Collected data =>
- - - -

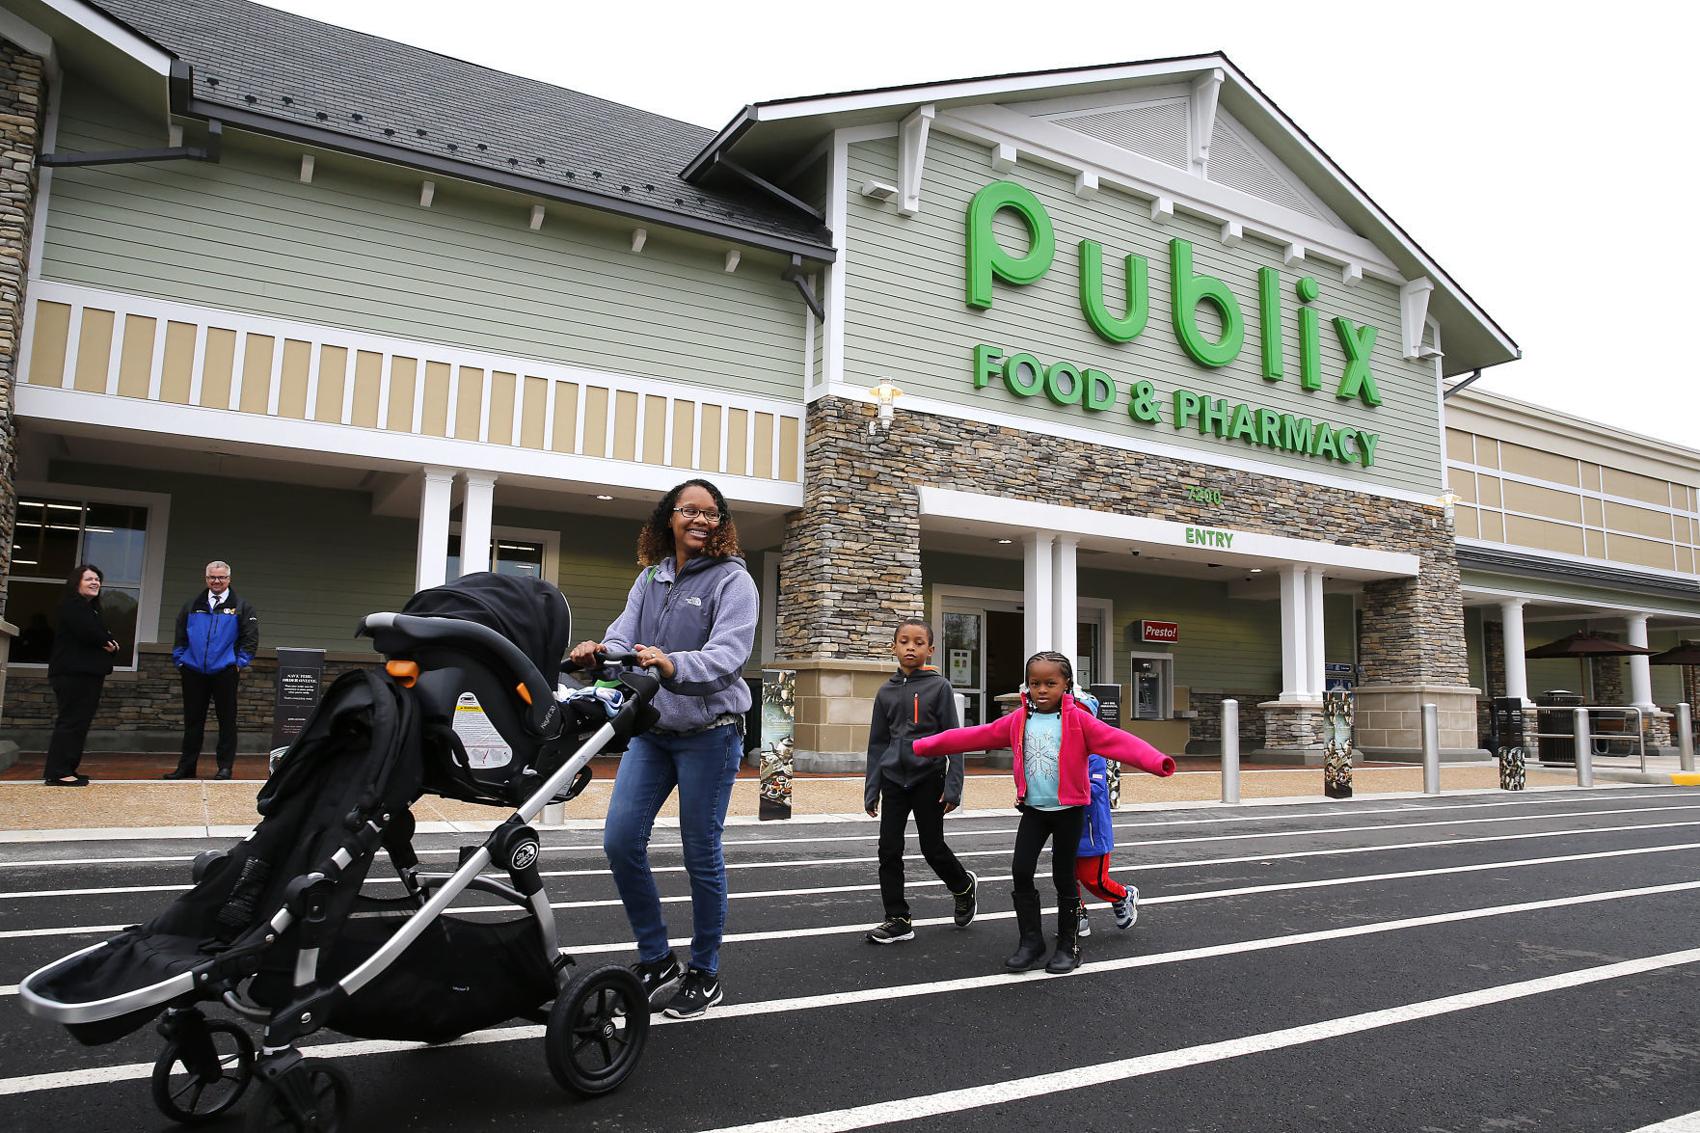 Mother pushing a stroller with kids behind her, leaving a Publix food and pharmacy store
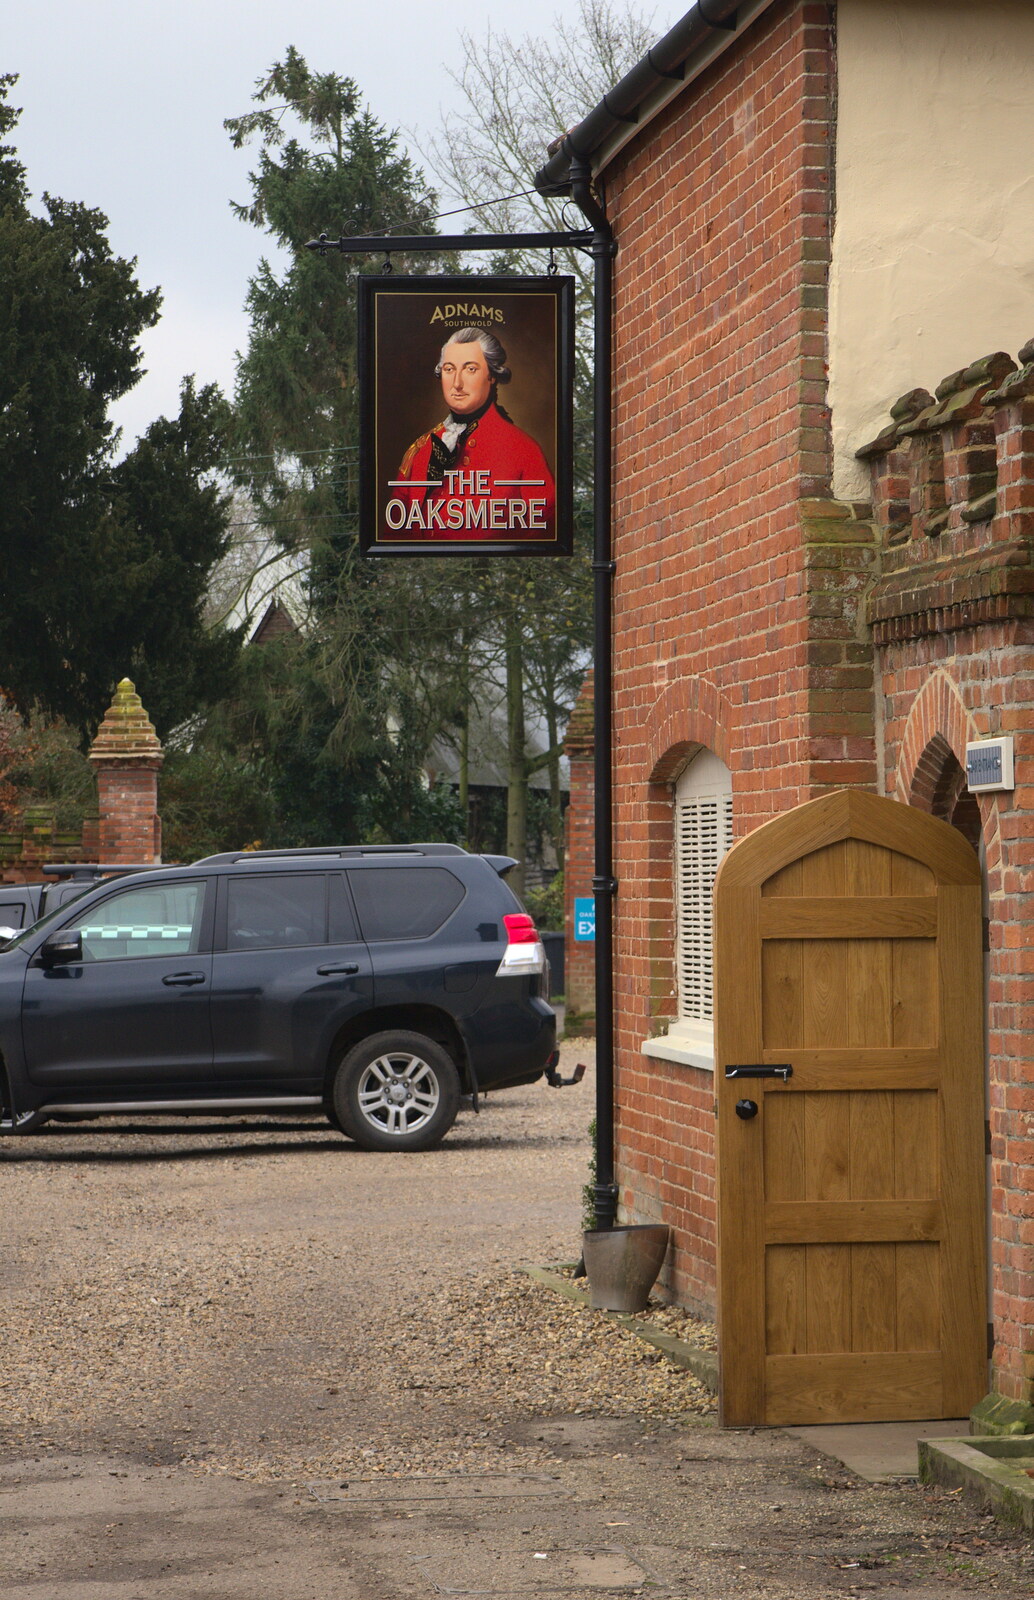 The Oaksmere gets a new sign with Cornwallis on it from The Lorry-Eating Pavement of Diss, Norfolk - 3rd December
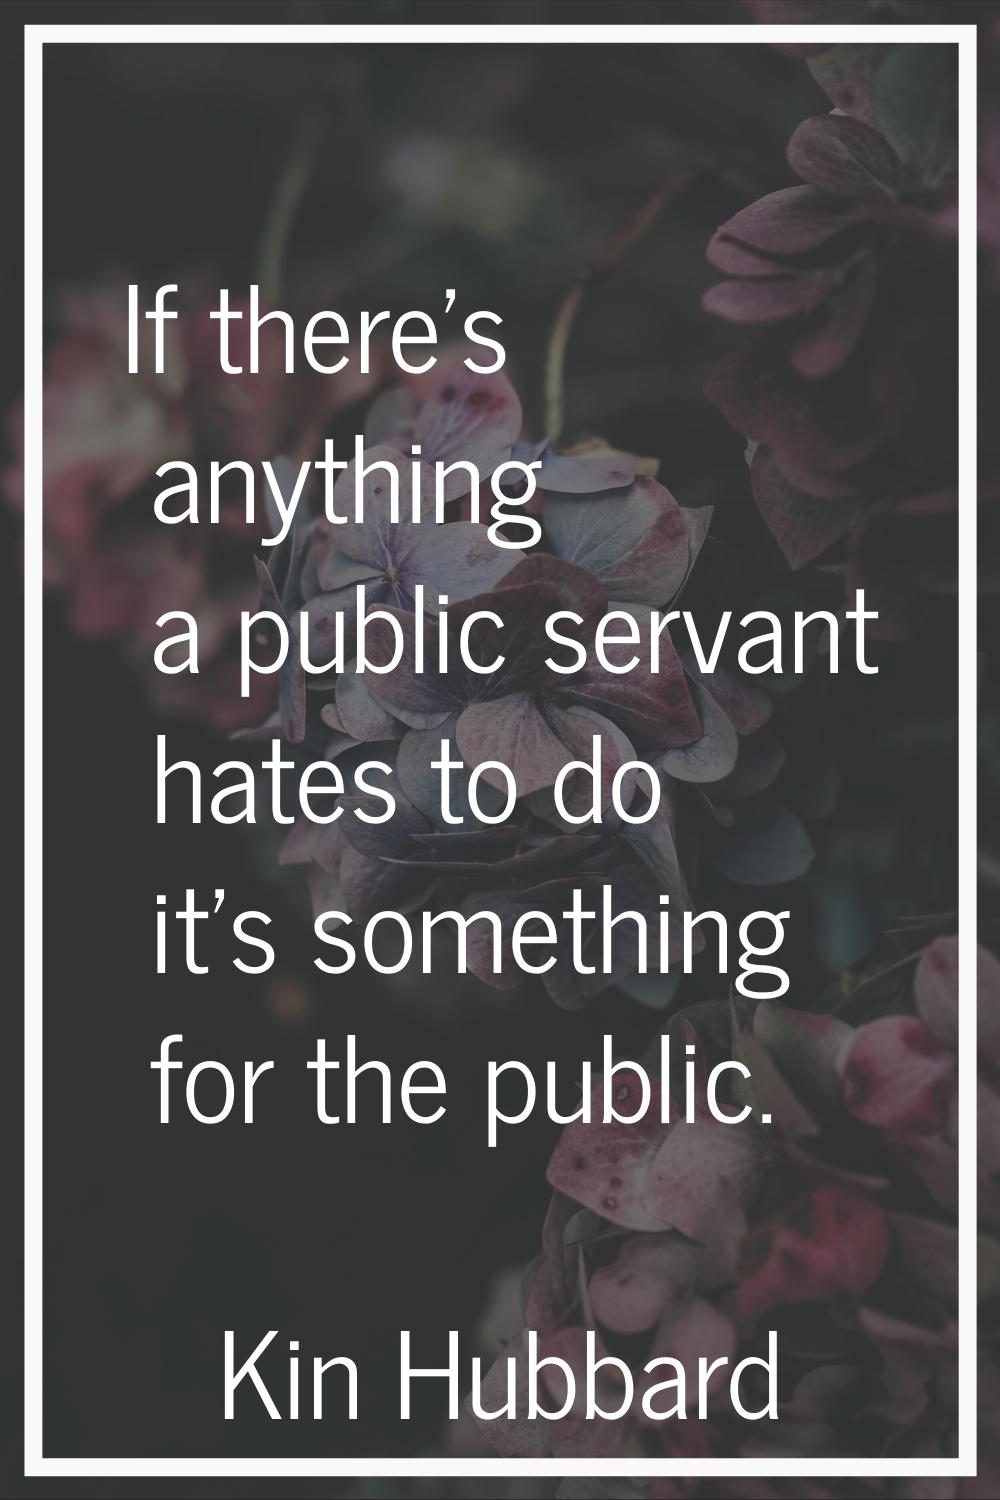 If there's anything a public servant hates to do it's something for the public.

- - - -

Transcribe exactly the lines from the one holding "The Oaksmere gets" through the final line of the material above, both ends included; any pictures should be dropped.

 The Oaksmere gets a new sign with Cornwallis on it from The Lorry-Eating Pavement of Diss, Norfolk - 3rd December
 If there's anything a public servant hates to do it's something for the public.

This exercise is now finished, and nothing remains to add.